The US Supreme Court has declined to hear a challenge to a Texas law which bans abortions after a foetal heartbeat is detected. This has effectively closed abortion clinics in Texas, as a heartbeat can be detected at about 6 weeks. Women who want abortions will have to travel to neighbouring states.
For abortion supporters this is Armageddon. Writing in The Guardian, two feminist activists declared: “Since Roe v Wade was decided nearly 50 years ago, abortion opponents have been plotting its demise. Now the end may be near. Feminists need our own plan to advance reproductive freedom. That means preparing for a post-Roe world.”
President Joe Biden denounced the law as “extreme”. He declared that he would launch a "whole-of-government" response to oppose the law.
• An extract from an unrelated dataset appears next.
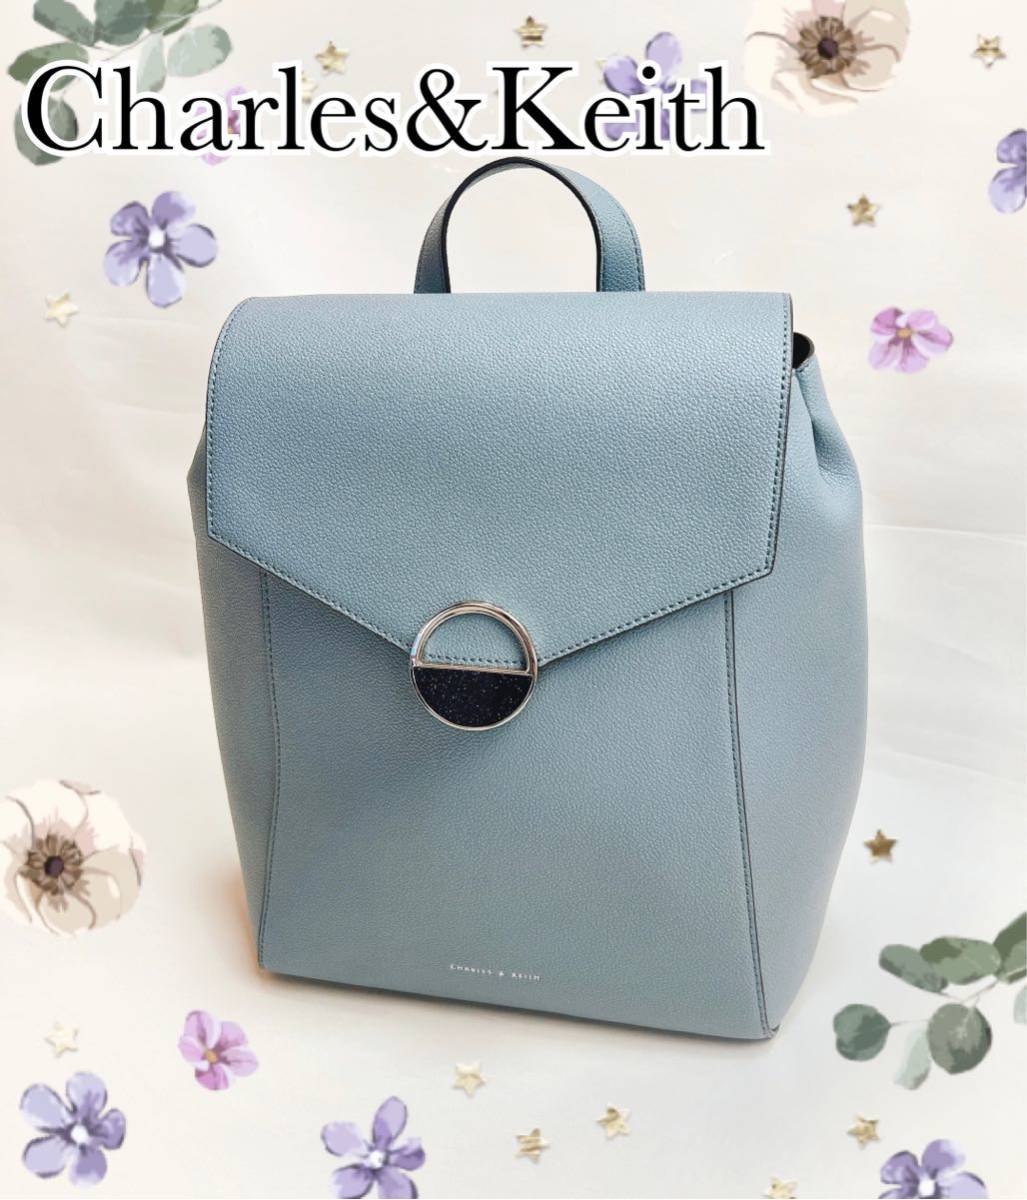 Charles&Keith Charles and Keith rucksack backpack blue rucksack lady's bag 
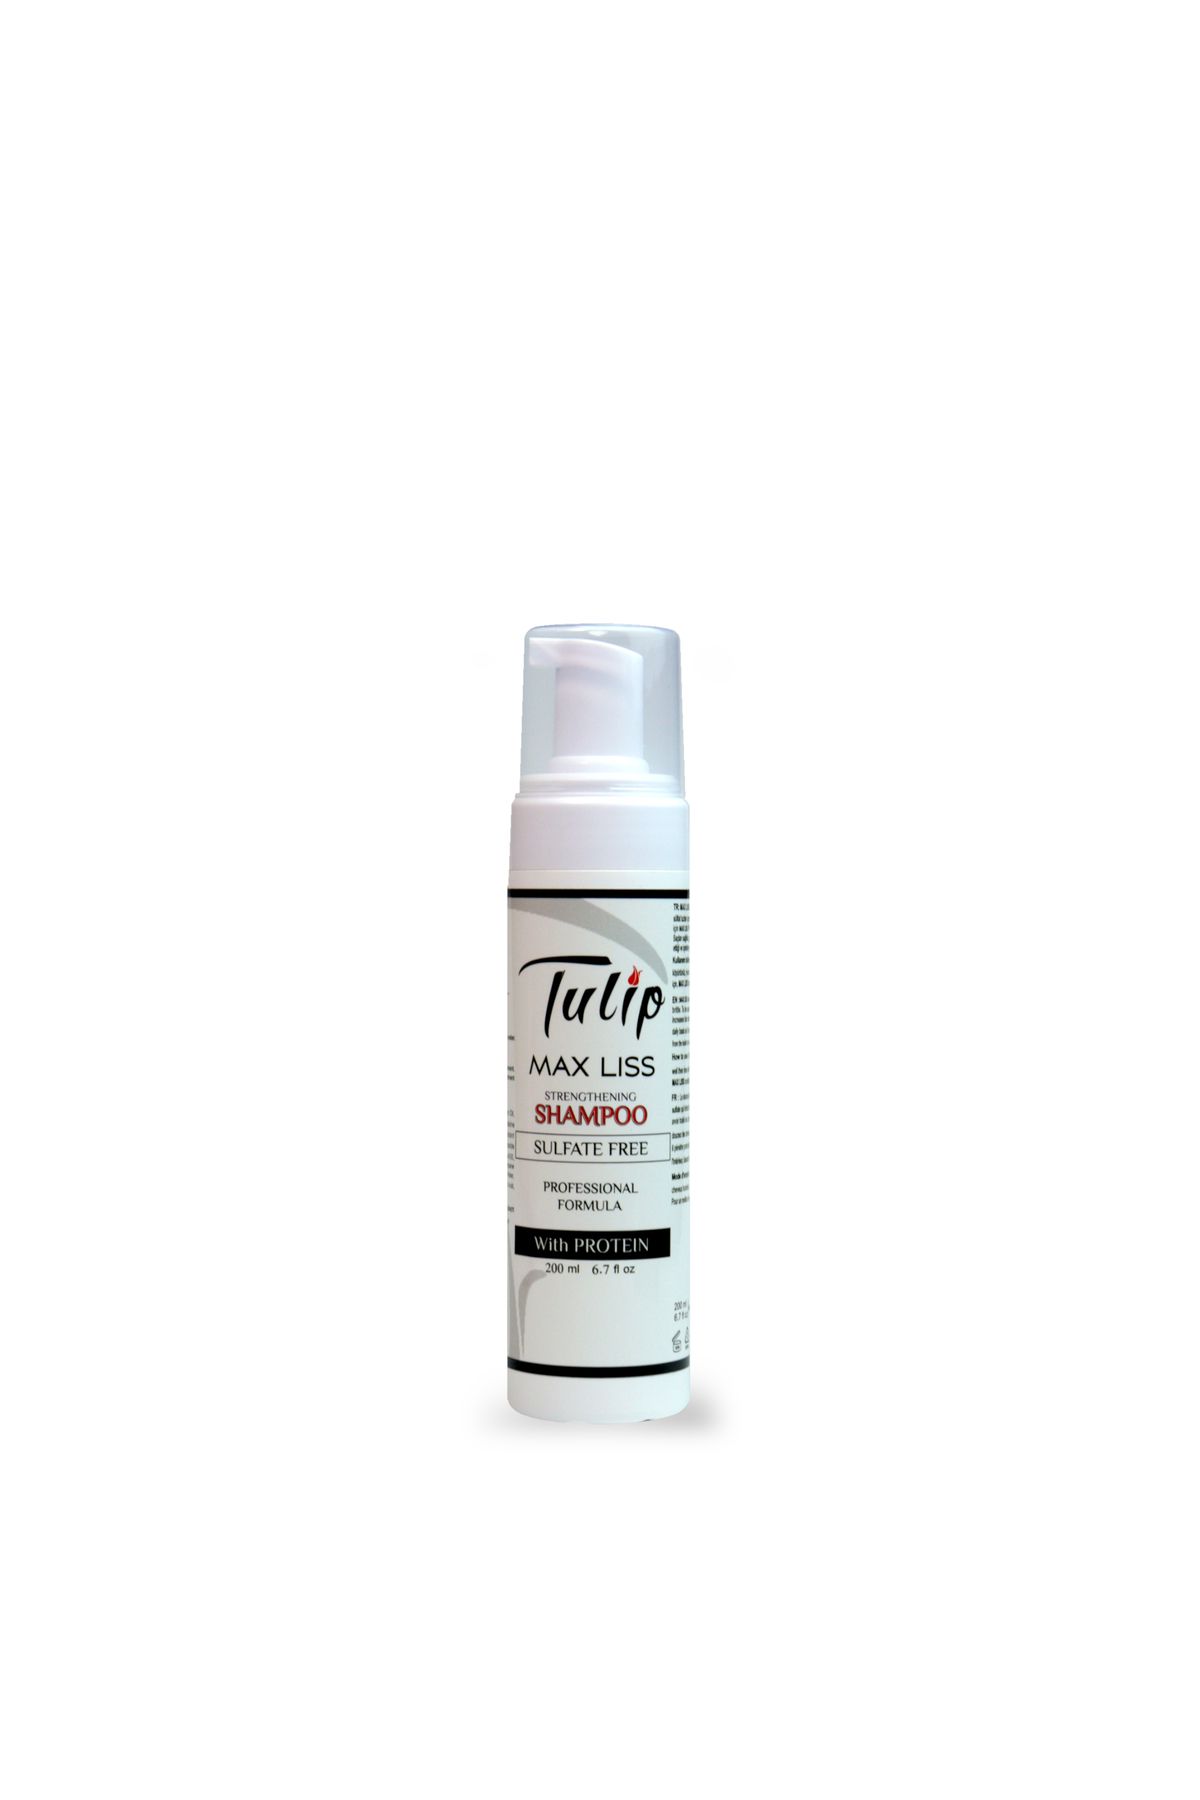 Tulip Max Liss 200 ml Sülfatsız Protein Ile Şampuanı / Sulfat Free After Protein Treatment Shampoo

For abortion foes, it is a sweet victory. "We want to give that little Texan in the womb who has a heartbeat, a chance to see their full potential," said Lieutenant General Dan Patrick. The media reported that politicians in Arkansas, South Dakota and Florida are considering a version of the Texas six-week abortion ban in their states.
But much of the reaction to the ban is hyperbolic. While Roe v Wade, which made abortion a constitutional right in the US in 1973, is clearly under threat, the Supreme Court clearly declared that its decision was made on procedural grounds and did not touch upon constitutional issues.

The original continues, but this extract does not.